Neighbouring Eritrea also suffering
The paper carries another story from the Associated Press about refugees crossing the border into Ethiopia from southern Eritrea. ‘Eritrea, a nation of 5 million people that borders Sudan, Ethiopia and Djibouti, has also seen failed rains and widespread food shortages. But its autocratic government, which faces international sanctions, refuses to acknowledge a drought has swept its territory. . . . Nearly 1,000 Eritreans arrived at a refugee camp in northern Ethiopia in July alone, officials said. . . .’ Refugees say ‘their families haven’t been able to buy food from the government for the last three months and that food prices have spiraled. Refugees said a goat is now selling for more than $200 and a cow nearly costs $1,000. Soldiers are paid about $30 a month. . . . On top of those problems, the country doesn’t receive foreign aid and is sanctioned by the U.N. because of human rights violations. . . .’ Read that whole story in the Washington Post: As East Africa faces famine, autocratic Eritrea suffers in silence as refugees flee, 30 Jul 2011.
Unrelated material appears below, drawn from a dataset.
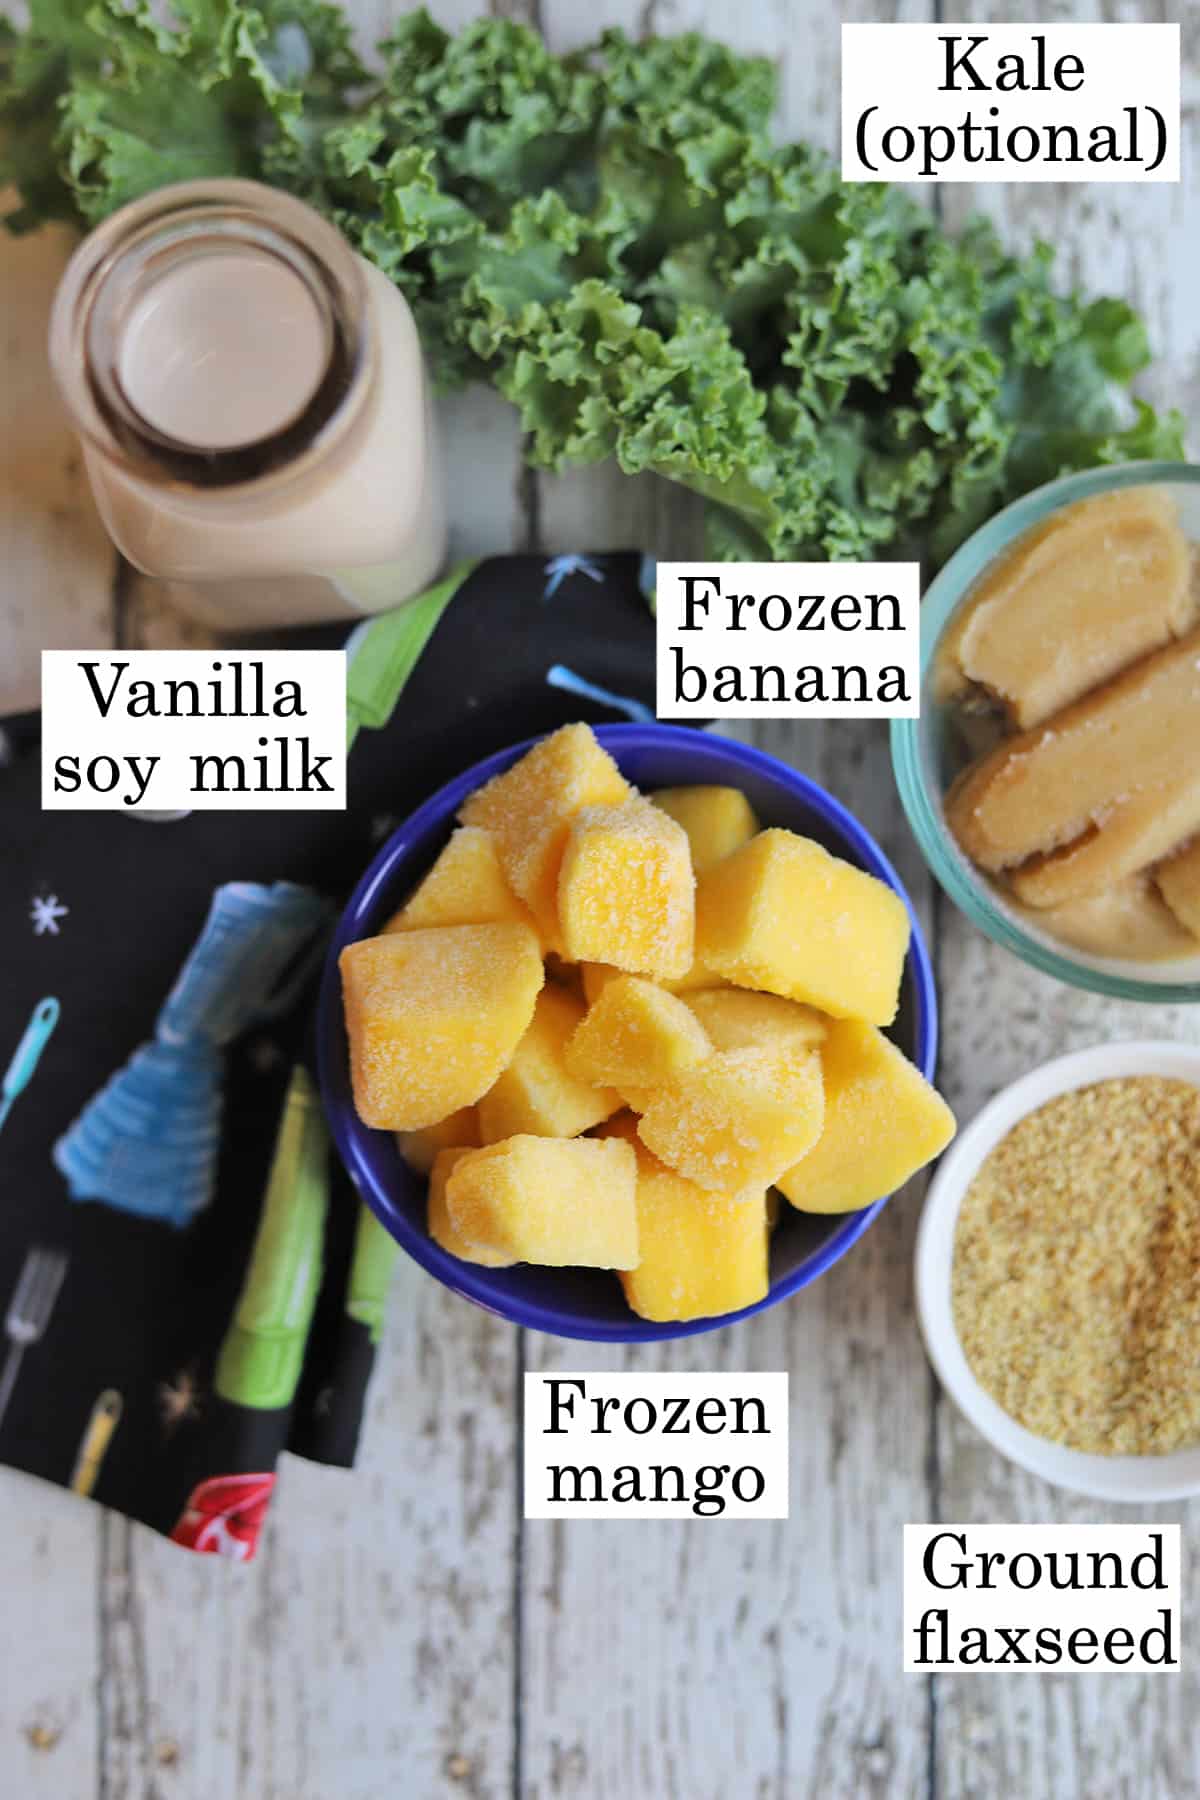 Labeled ingredients for vegan mango smoothie.
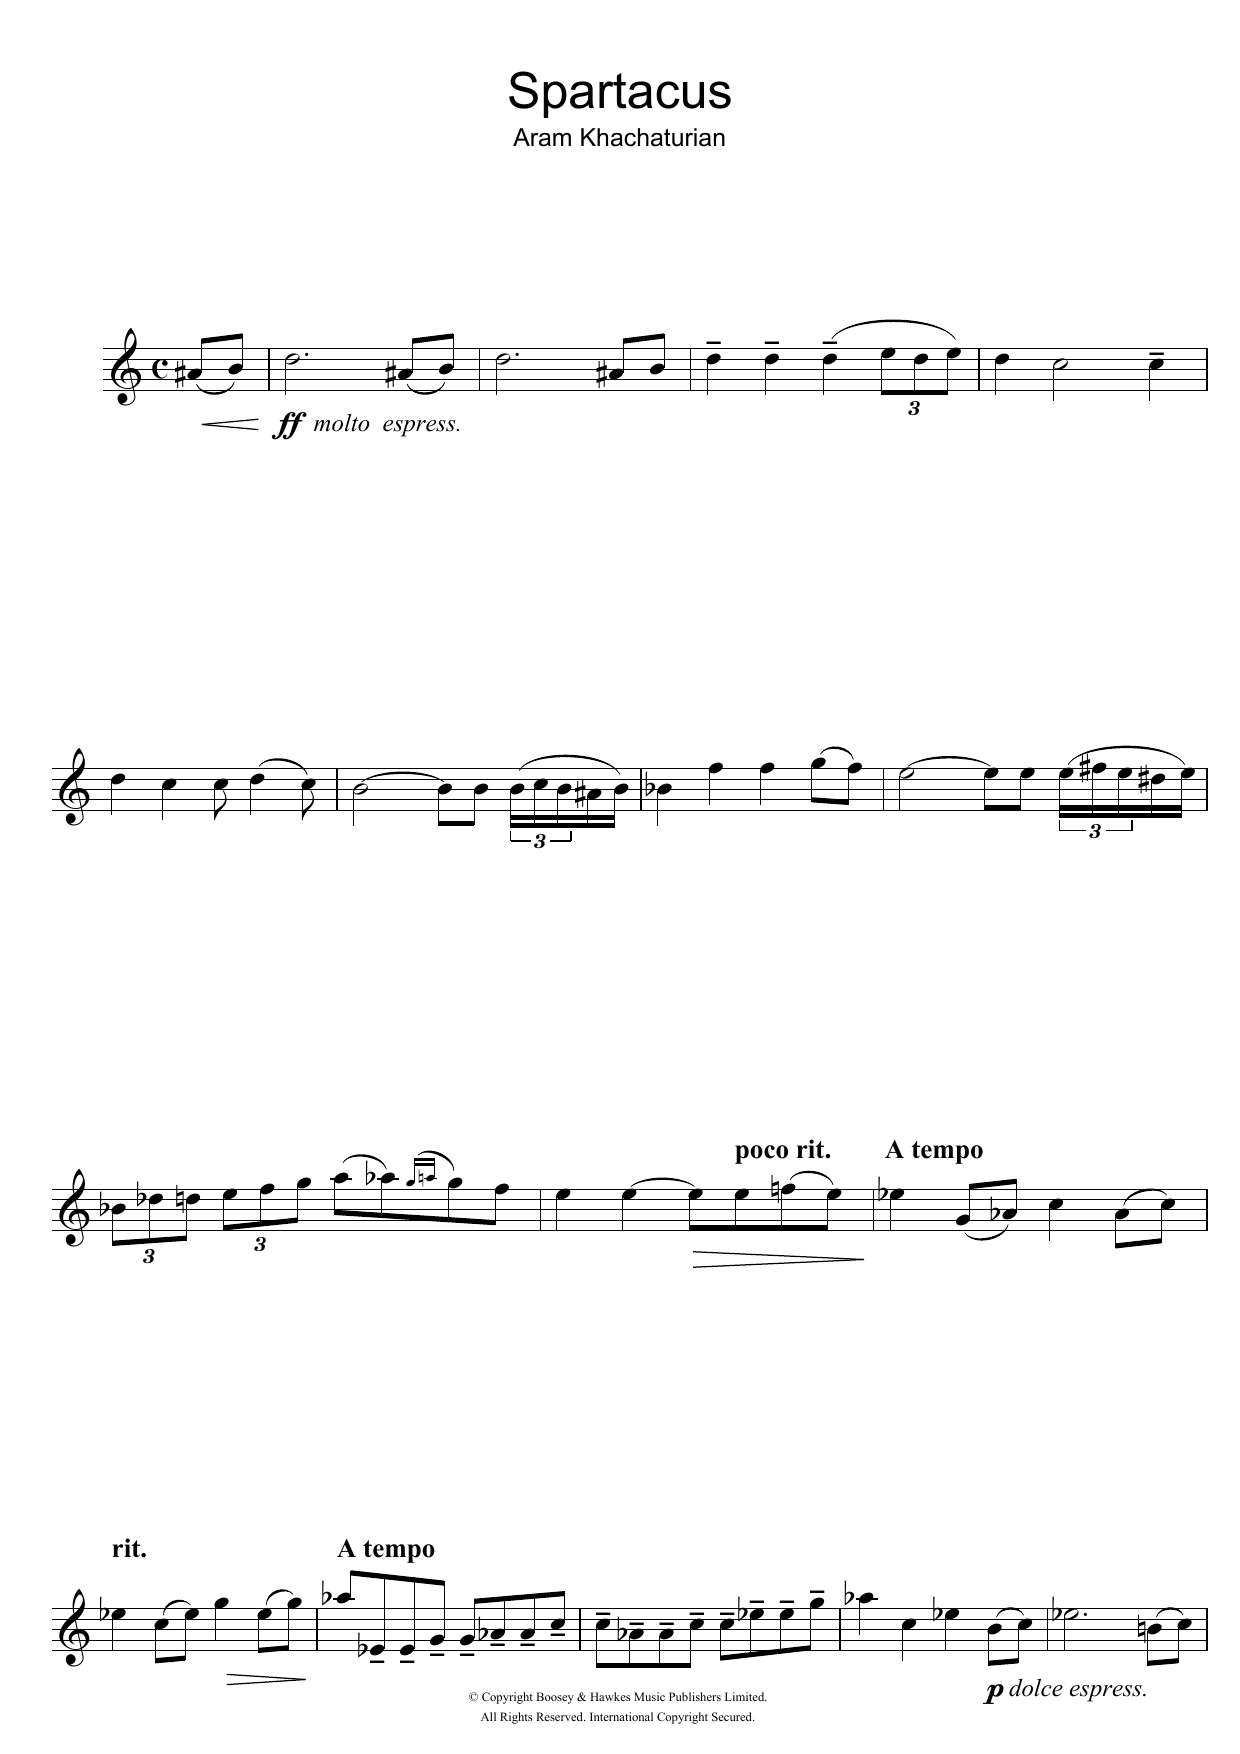 Aram Khachaturian Spartacus (Love Theme) Sheet Music Notes & Chords for Alto Saxophone - Download or Print PDF

Obama offers to partner African presidents in reducing the crisis
The paper also reports the US President Barack Obama met last Friday, 29 Jul 2011, with Alassane Ouattara of the Ivory Coast (he became president in April 2011 after sitting on the sidelines for six months because Laurent Gbagbo refused to leave office), and Thomas Boni Yayi of Benin, Alpha Conde of Guinea and Mahamadou Issoufou of Niger. Obama admitted that ‘the developing famine in eastern Africa hasn’t gotten enough attention from the U.S. and needs an international response in which Africa must be a partner. “We discussed how we can partner together to avert the looming humanitarian crisis in eastern African,” Obama said.’ Read the whole article at the Washington Post: Obama: East Africa famine hasn’t gotten attention it deserves from US, needs world response, 30 Jul 2011.